IPA’s “Grow” tool produces a network of all genes, proteins, complexes, and chemicals affected by the selected molecule. In the present study, COVID-19, PD, and SNCA were all expanded through IPA’s “Grow” tool. These include genes, proteins, chemicals, and complexes affected by the respective nodes identified from the QKB. Chemical drugs and toxicants that do not occur in biological systems were eliminated from further analysis using the “Trim” tool. IPA’s “Path Explorer” tool and IPA’s “Connect” tool were used to join the overlapping molecules associated with COVID-19, PD, and SNCA together to construct a pathway based on relationship findings found in the QKB. The “Connect” tool connects specific known molecular interactions among the other nodes in the pathway. The “Path Explorer” tool generates the shortest path or molecular connections between an upstream molecule, disease, or function of interest to a downstream molecule, disease, or function of interest based on the relationships and findings in the QKB. In the present study, we used the “Path Explorer” tool to generate molecular connections between IFNG, overlapping molecule of SNCA and PD, and SNCA.

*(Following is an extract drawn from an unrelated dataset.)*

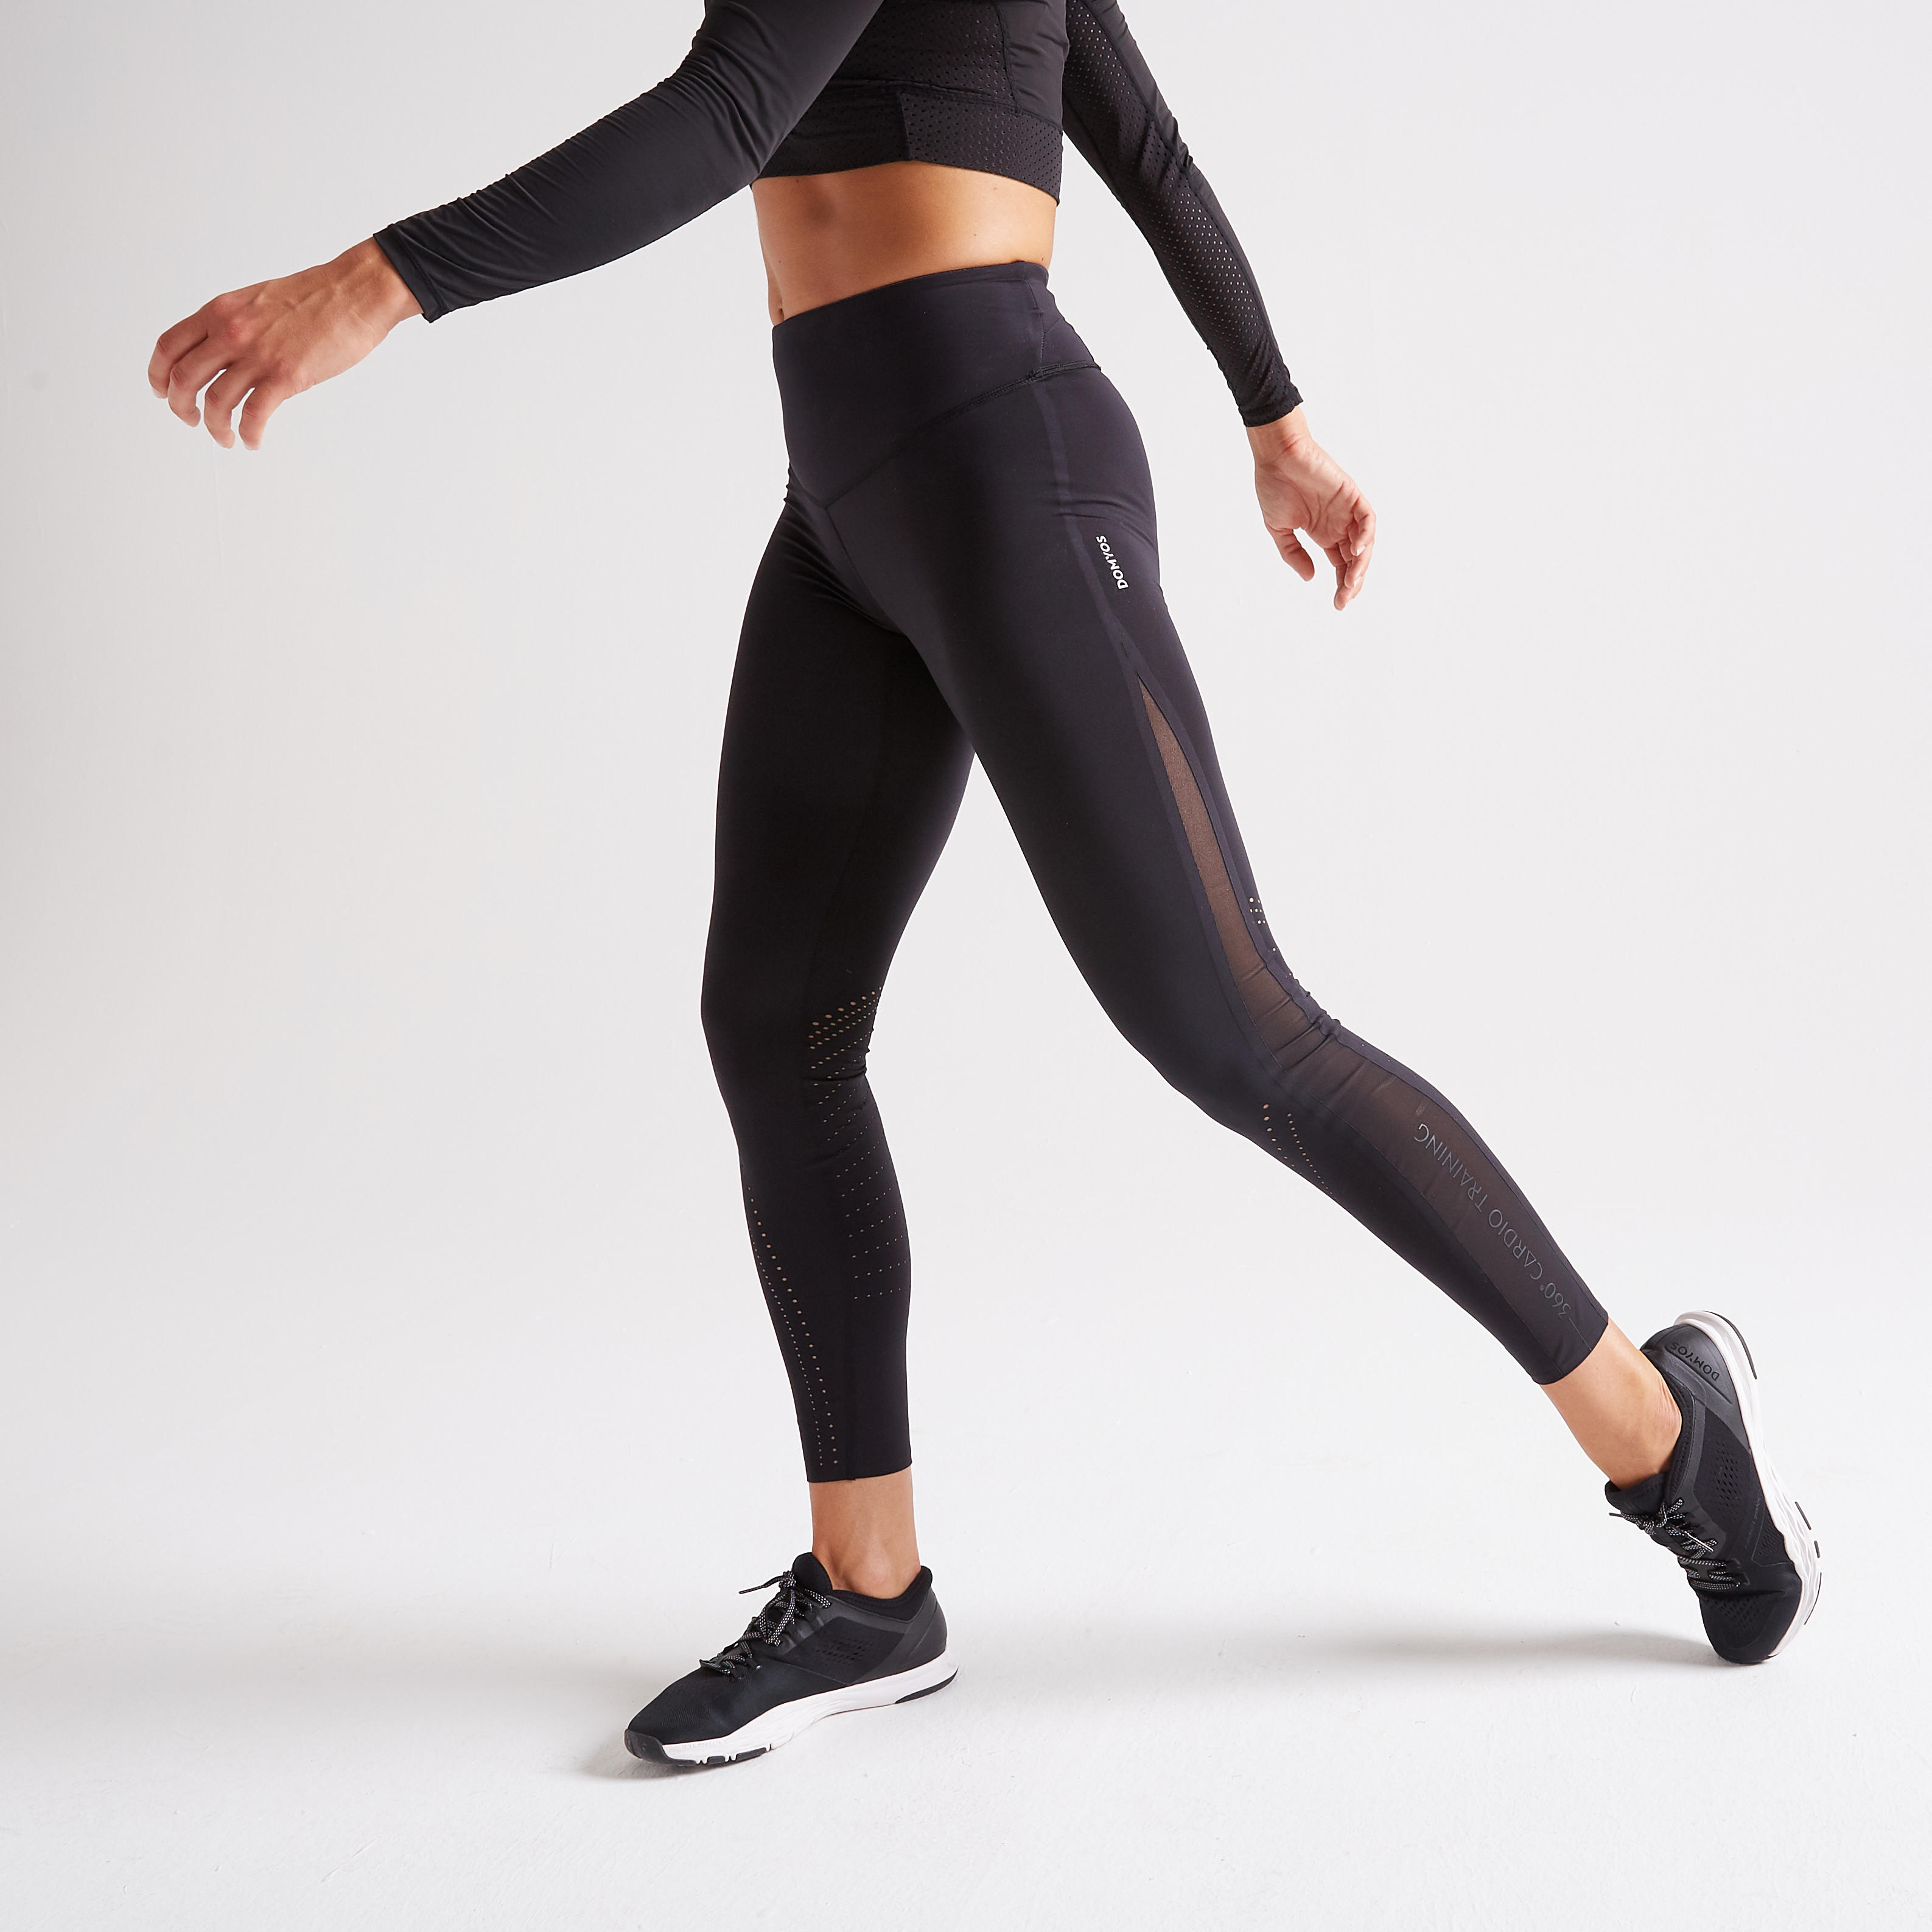 Legging de Sport Taille Haute Femme - ACTIVE Noir

4.3. Identification of Upstream Regulator and Signaling Pathways via Core Analysis

The molecules identified to overlap in each of the networks were compiled into a dataset that was then uploaded to IPA for separate Core Analysis. Core Analysis revealed the top upstream regulators and top signaling pathways associated with the molecules. The significance of the upstream regulators and signaling pathways was calculated using the Benjamini–Hohenberg-corrected Fischer’s exact test to generate the –log(p-value) for multiple hypothesis test correction. The significance of the canonical pathway p-value calculated from the right-tailed Fischer’s exact test is the p-value of overlap, which represents the probability of association of molecules from the dataset with the canonical pathway by random chance alone. These canonical pathways are well-characterized metabolic and signaling pathways that are curated and hand-drawn by Ph.D.-level scientists based on pathways from peer-reviewed journal articles, review articles, textbooks, and HumanCyc for metabolic pathways. Upstream regulators were identified from the dataset based on the information from the QKB in which the regulator shows the observed changes identified in the dataset. The p-value of overlap of the upstream regulator represents the significance of genes in the dataset that are downstream of the regulator.

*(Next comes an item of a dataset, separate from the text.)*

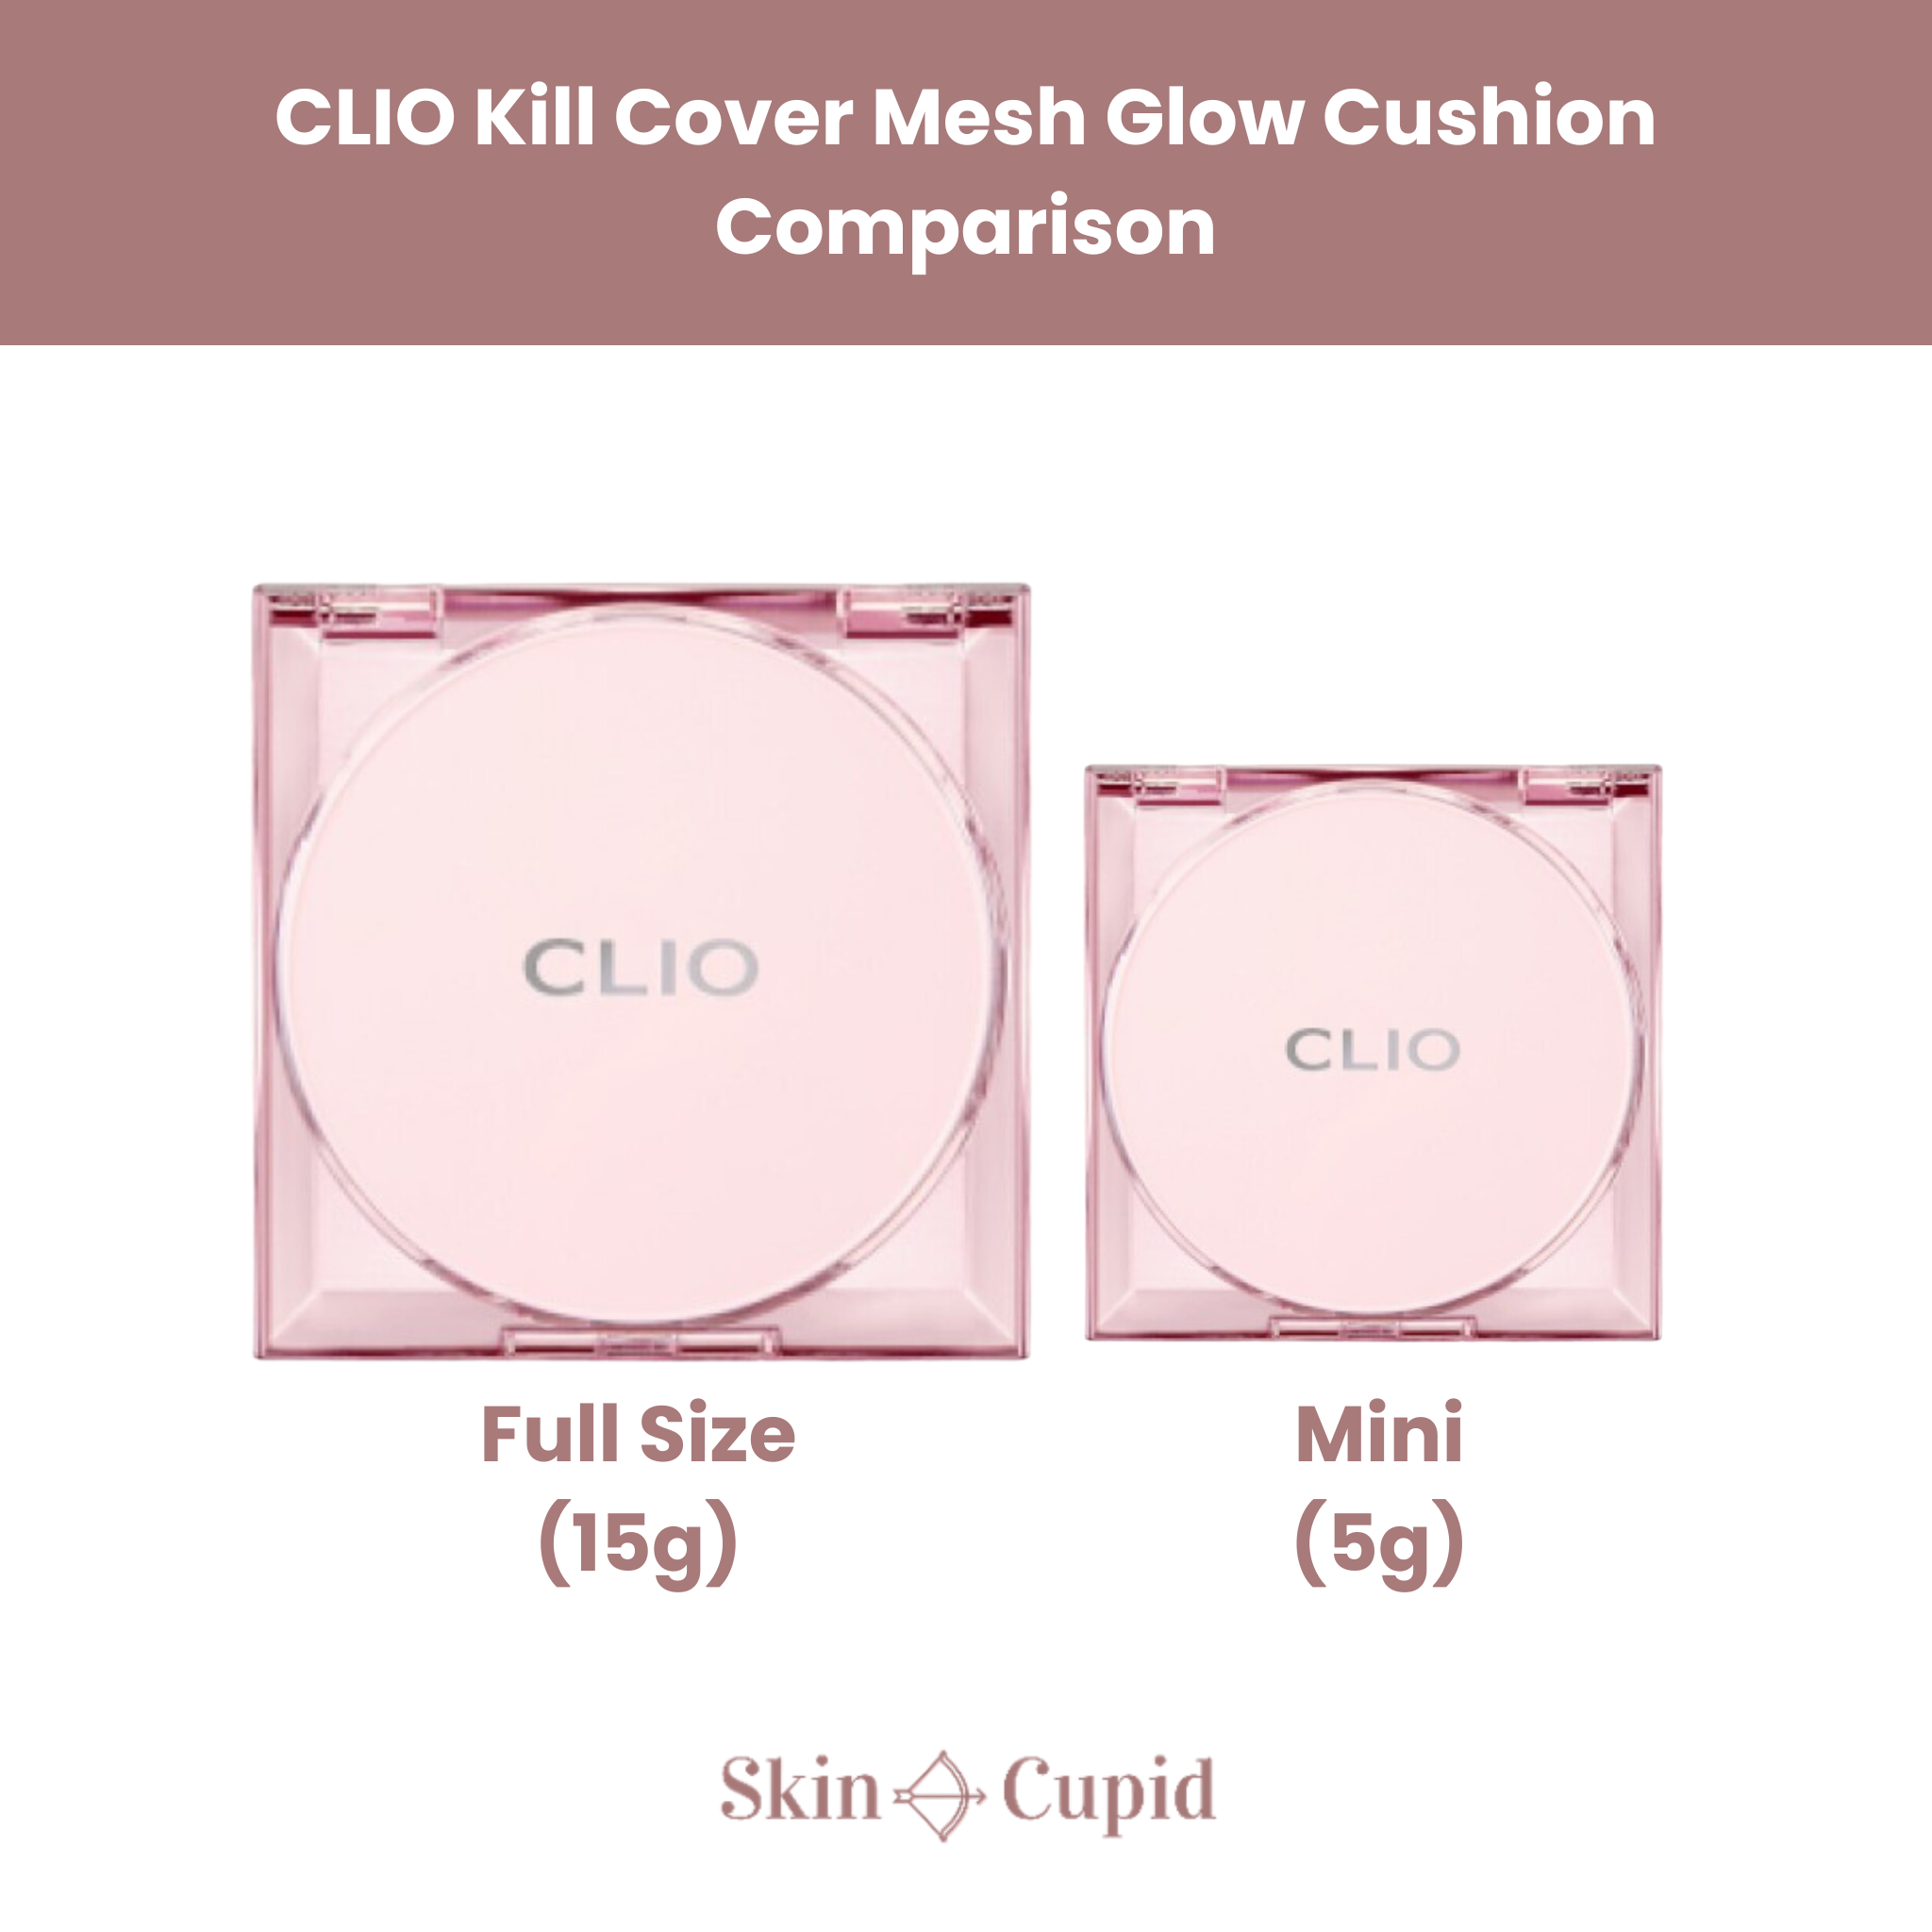 CLIO Kill Cover Mesh Glow Cushion Mini - 3 shades

4.4. Quantitative Analysis of COVID-19 on SNCA Expression and the NISP

IPA shows the qualitative relationships when IPA’s MAP tool is used to predict the upstream and/or downstream effect of the simulated activation or inhibition of a molecule. The “unknown” molecules that are not manually simulated by activation or inhibition by the “known” simulated molecule have a z-score calculated based on the relationship findings from the QKB from the neighboring “known” simulated molecules that are connected to it. The predicted activity pattern is calculated by the z-score of these “unknown” molecules by using the z-score error function: erf (z-score/root 2), where a value close to 1/−1 is a high/low z-score and a value that is close to 0 is a weak z-score. This is used to measure the confidence of the predicted activity with 1 and −1 being the highest possible confidence value. The values of these scores are visualized in the pathway maps as blue- and orange-colored nodes, where the blue nodes represent predicted inhibition and the orange nodes represent predicted activation. A darker shade of blue or orange represents more confidence in the predicted inhibition and activation, respectively; likewise, a lighter shade of color represents less confidence in the predicted activity.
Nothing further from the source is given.